Not unlike many father-son relationships ours strengthened over time as his lessons on duty, loyalty, compassion and commitment to family and community emerged in his eighth child.
Although it has been nineteen years since my father’s passing I still find myself wondering what he would do in certain situations. Without having the advantage of speaking to him about a given situation, I can still seem to find his guidance when needed. Someone whom one has been very close to doesn’t always have to be here to be here, if you know what I mean?
“A sweet thing, for whatever time, to revisit in dreams the dear Dad we have lost.”-Euripides (484BC-406 BC), Alecstis, 438BC.
Random Thoughts-56
May 18, 2009

So it began.

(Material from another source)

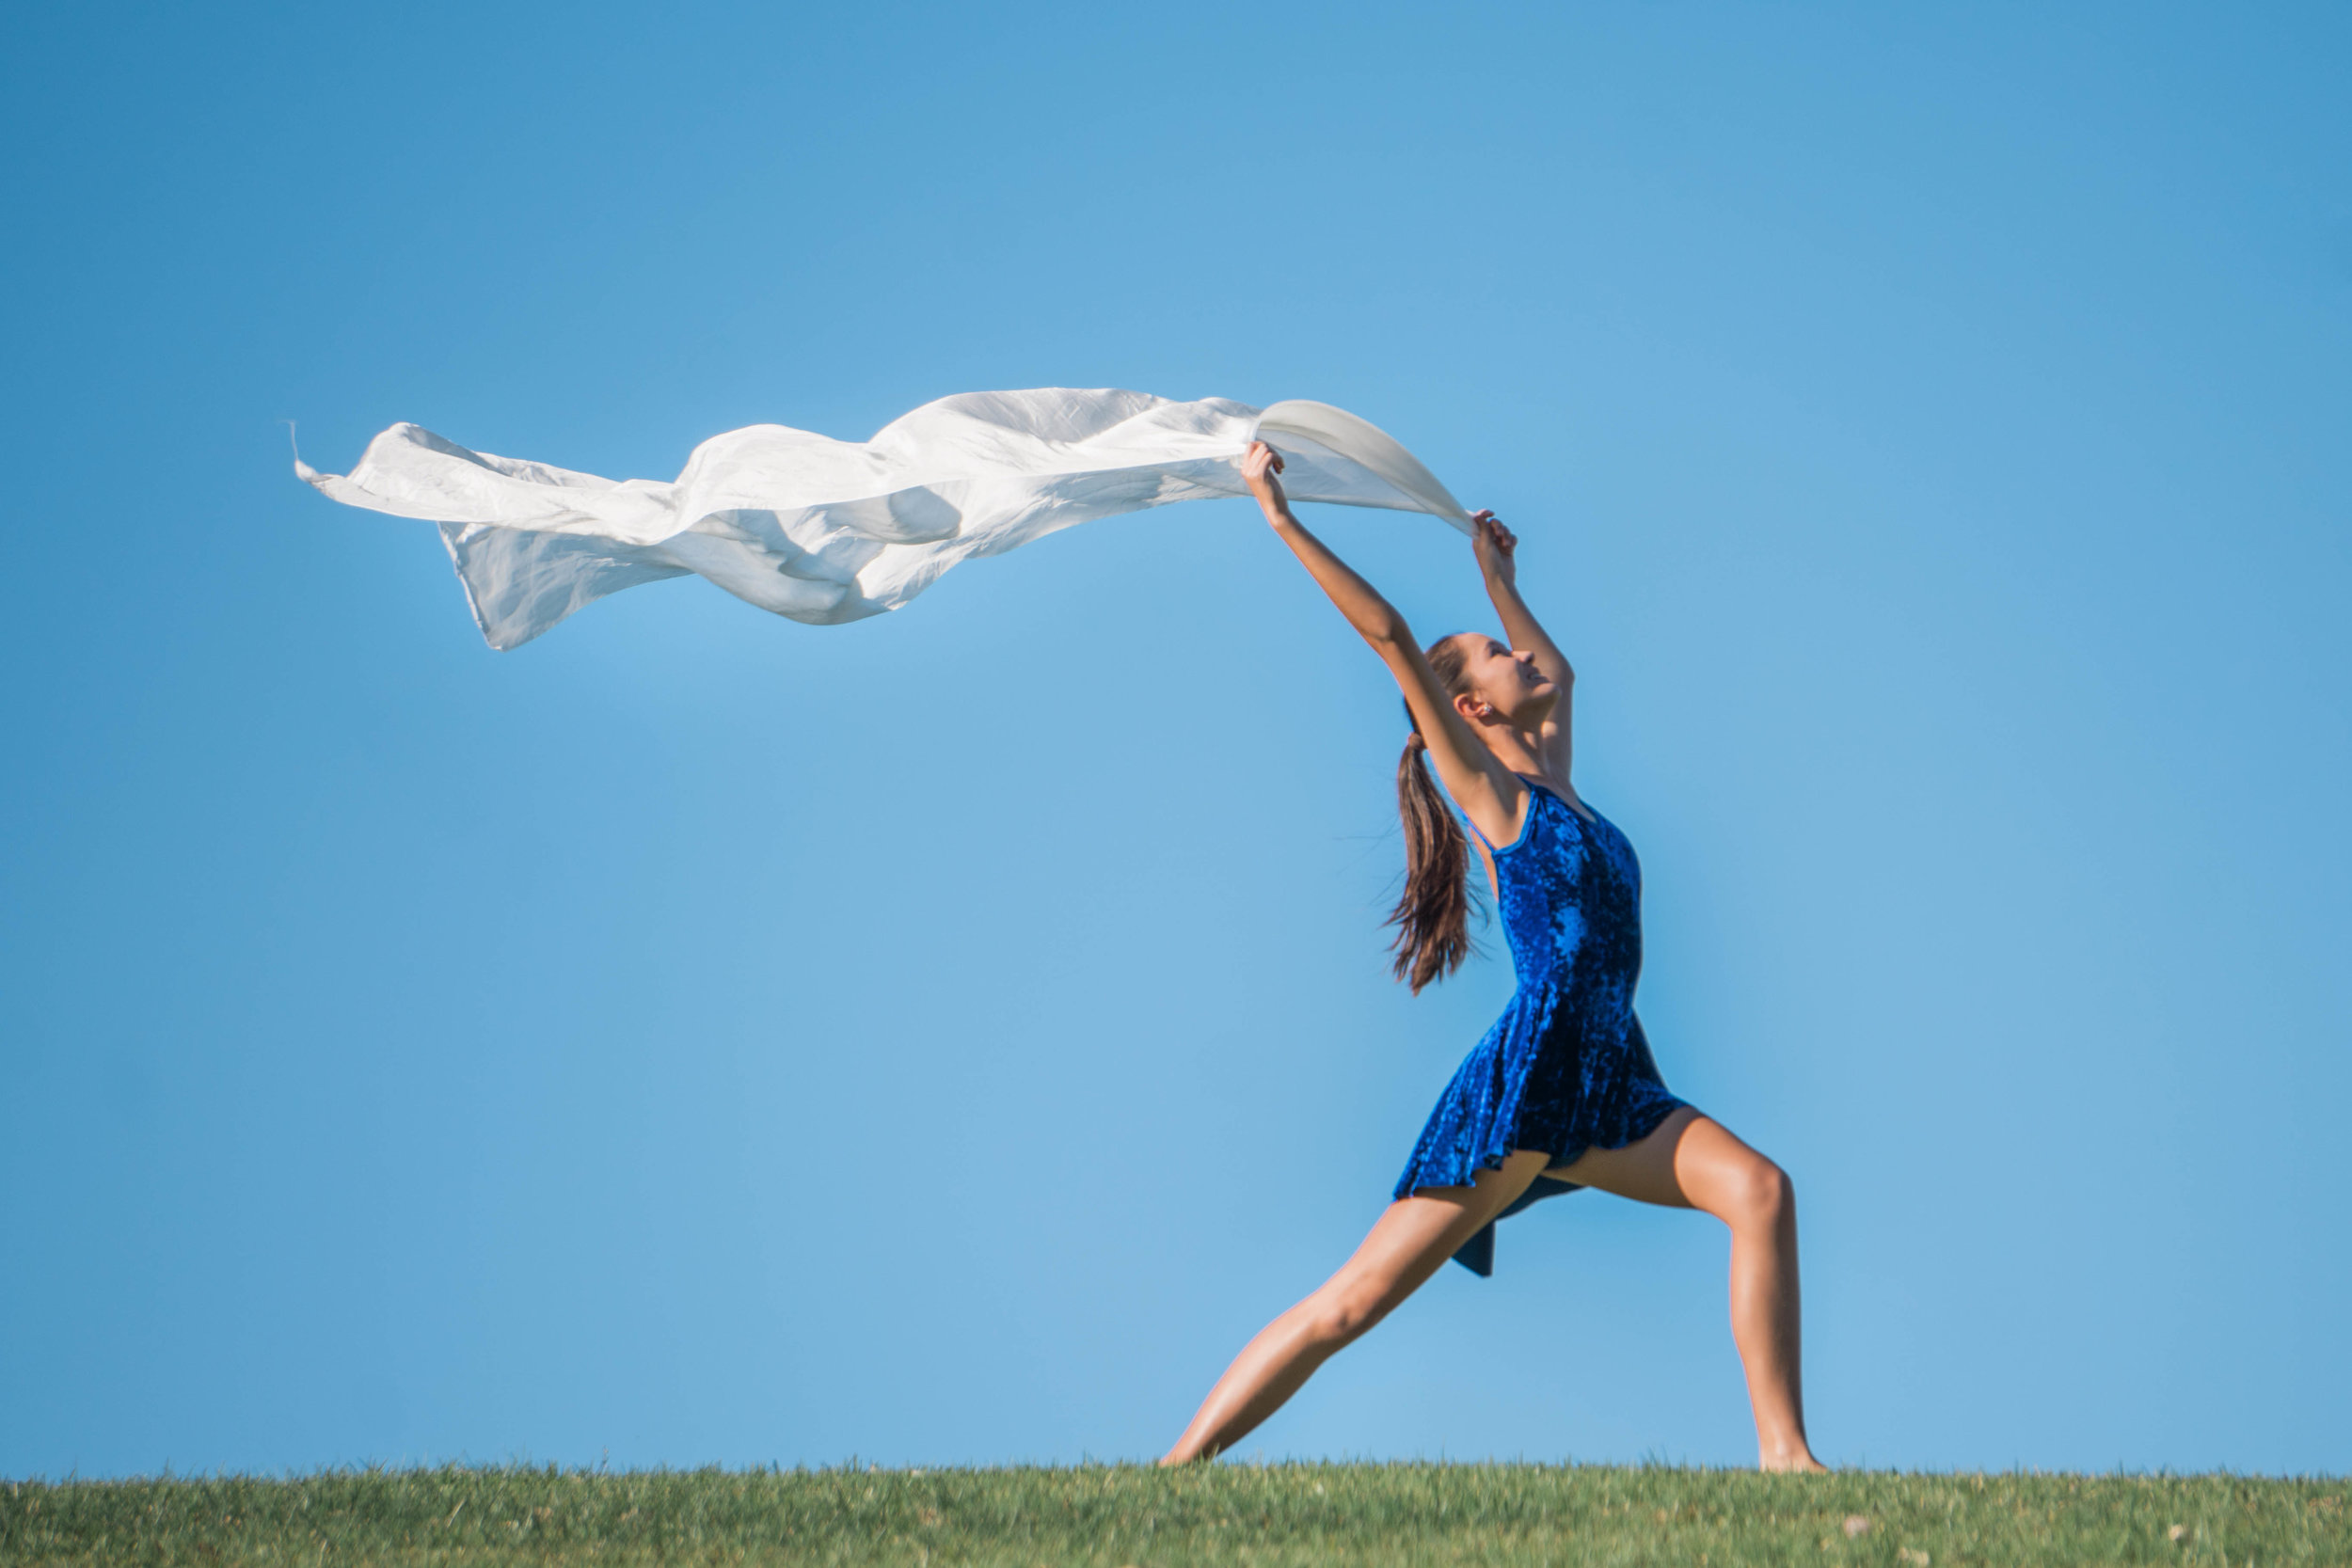 Hinterland-Dance-20.08.17-26.jpg

The paint samples were, once again, laid out on the kitchen table in an attempt to determine which colour we would be using to repaint the outside of the house, the hallway and the kitchen cupboards.

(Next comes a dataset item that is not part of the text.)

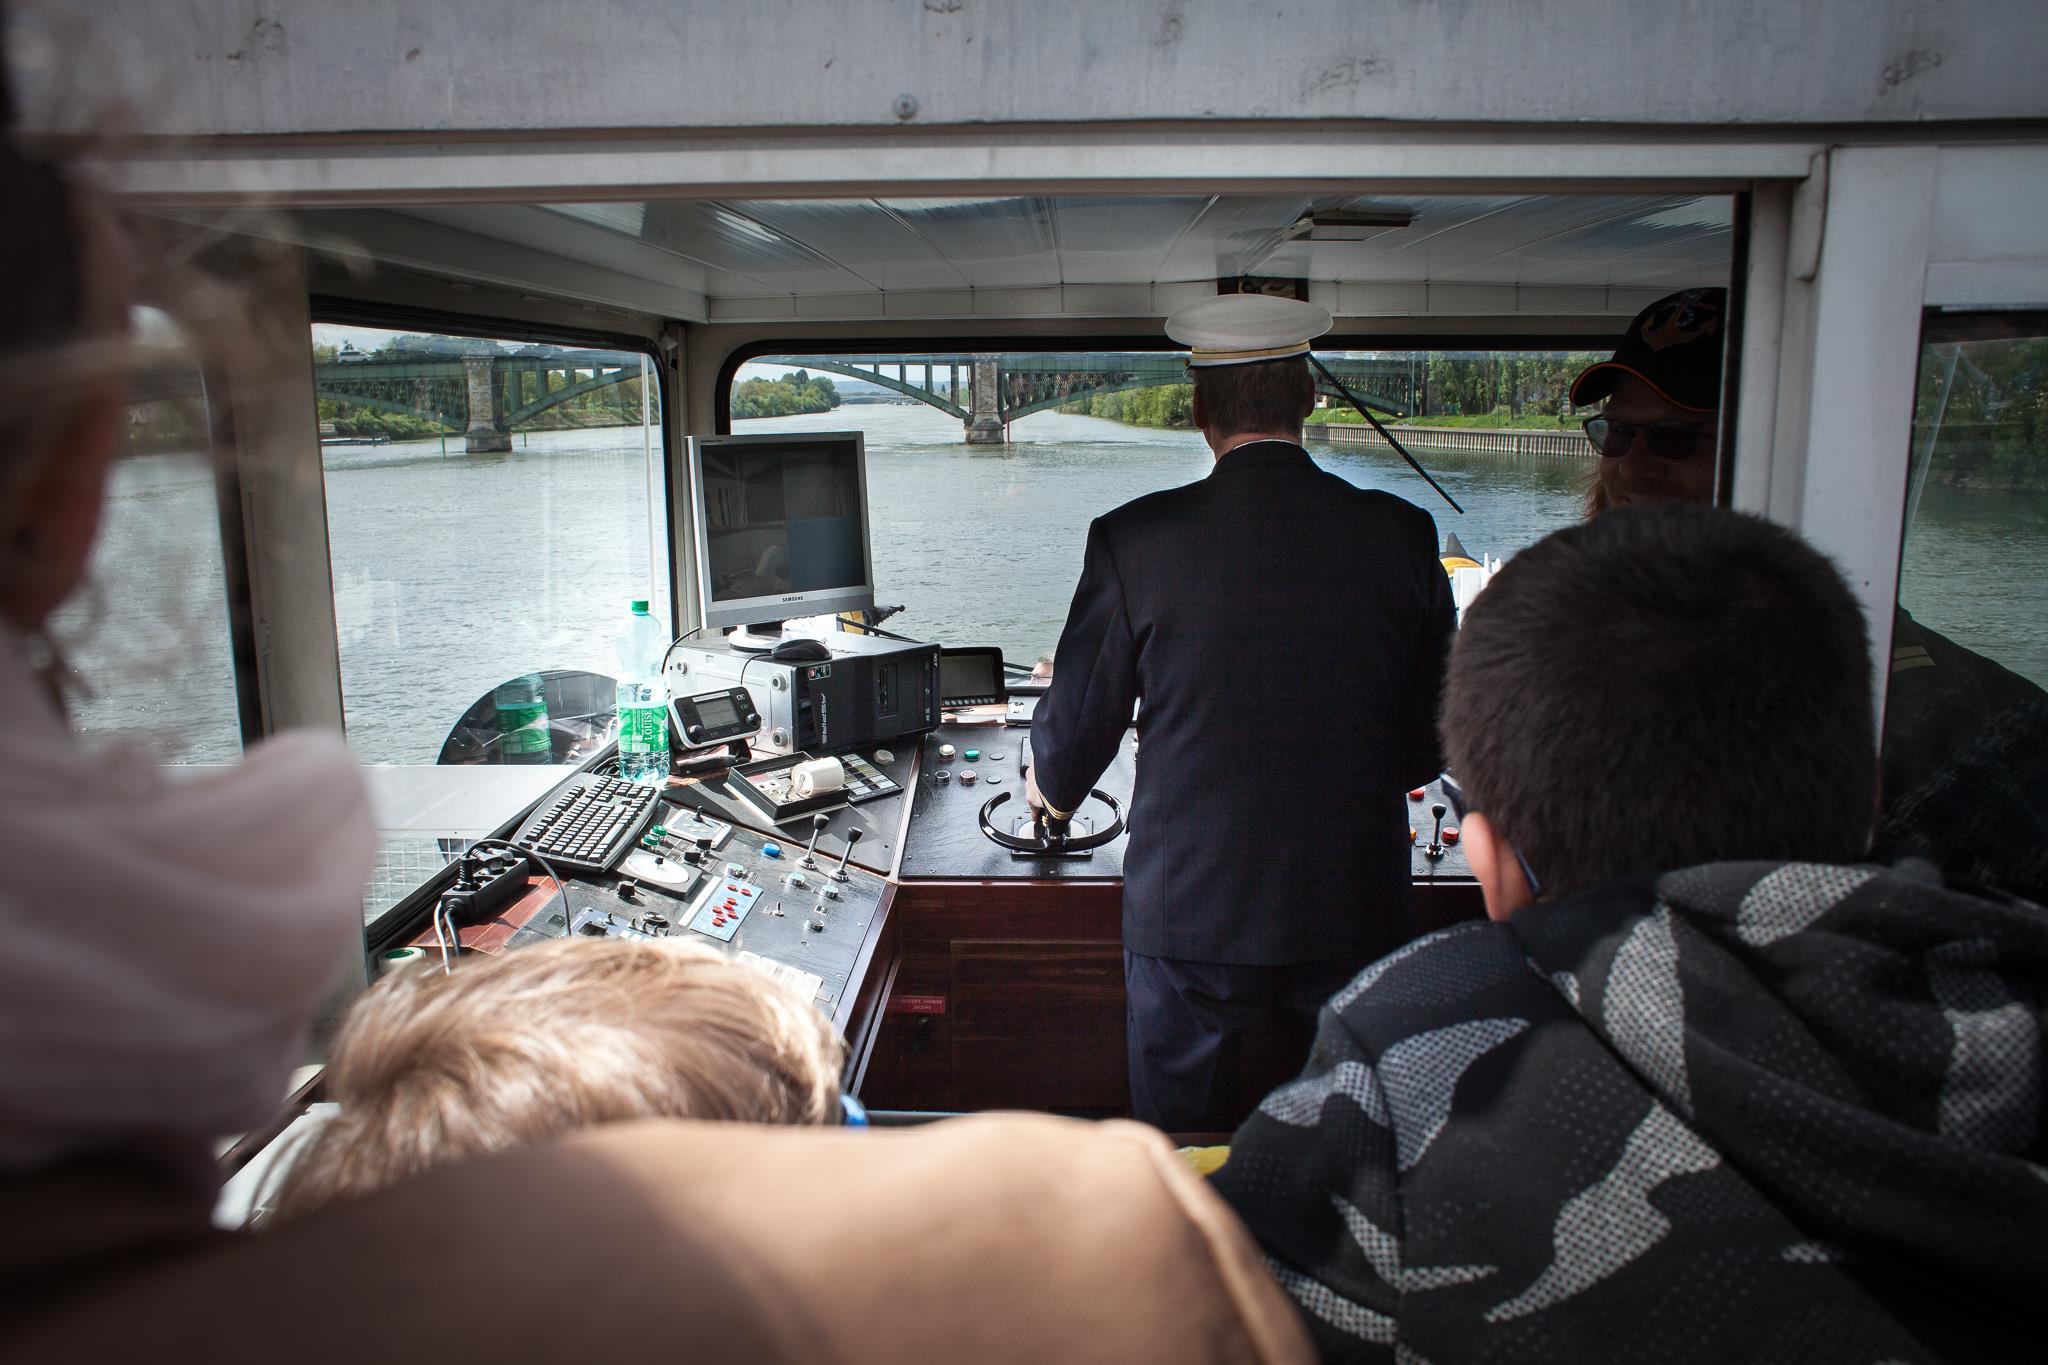 Balade en bateau a argenteuil

Didn’t we just do this? I was sure we had because we are perpetually painting some area of this old house. Doesn’t my answer from the last time still have merit? I believe my response the last time was, “Whatever you want. I don’t really care.”
Apparently, this isn’t the correct response.
“Now, what do you think? I like “Goat Cheese” for the cupboards, “Duck Egg” for the hallway and “Blooming Flax” for the outside of the house. Or should we go with, “Salt Cellar” for the cupboards, “Soda Bread” for the hallway or “Steamed Milk” on the outside?”
“Huh? Are we still talking about paint!? Whatever happened to orange, blue, green, red and yellow? To me, this sounds like some kind of weird quiche recipe or something.”
I think I’ll stick to “Whatever you want. I don’t really care.”
Still it continues, “If we go with the “Steamed Milk”, on the outside, should we do the trim in “Ripe Oats” or stick with the white?”
“Is white even a colour? What do you mean about the comedy routine? I was just asking?”
“How about having this three-and-a-half hour conversation with one of your sisters, because I think I’m missing the hockey game and they probably care.”
Whoops, did I say that out loud? Once again, wrong answer!
Amazing as it may seem, when we went to purchase the paint, there were two other women there that had experienced virtually the same thing with their spouses. Who would’ve thought?
My suggestion, to them, then, was to form a splinter group off of “The Ladies Without Baseboards Club” name it the “What Colour Do YOU Like Club?” and then they could all meet and share and choose colours with people of like interests.
Apparently, this isn’t the correct response either.
Yes, I know, you don’t really care if we care; you just want us to engage, you know, play along, at least make it seem like we care. Well, I’m telling you, most of us just don’t.
So, go with the “Billy Goat” on the walls, with a border of “Always Mine” and the trim in “Boy Bait” (seriously, I’m not making these up!), if you want, but just tell me where you want me to start cutting in.
“Take care to get what you like or you will be forced to like what you get.”-George Bernard Shaw (1856-1950).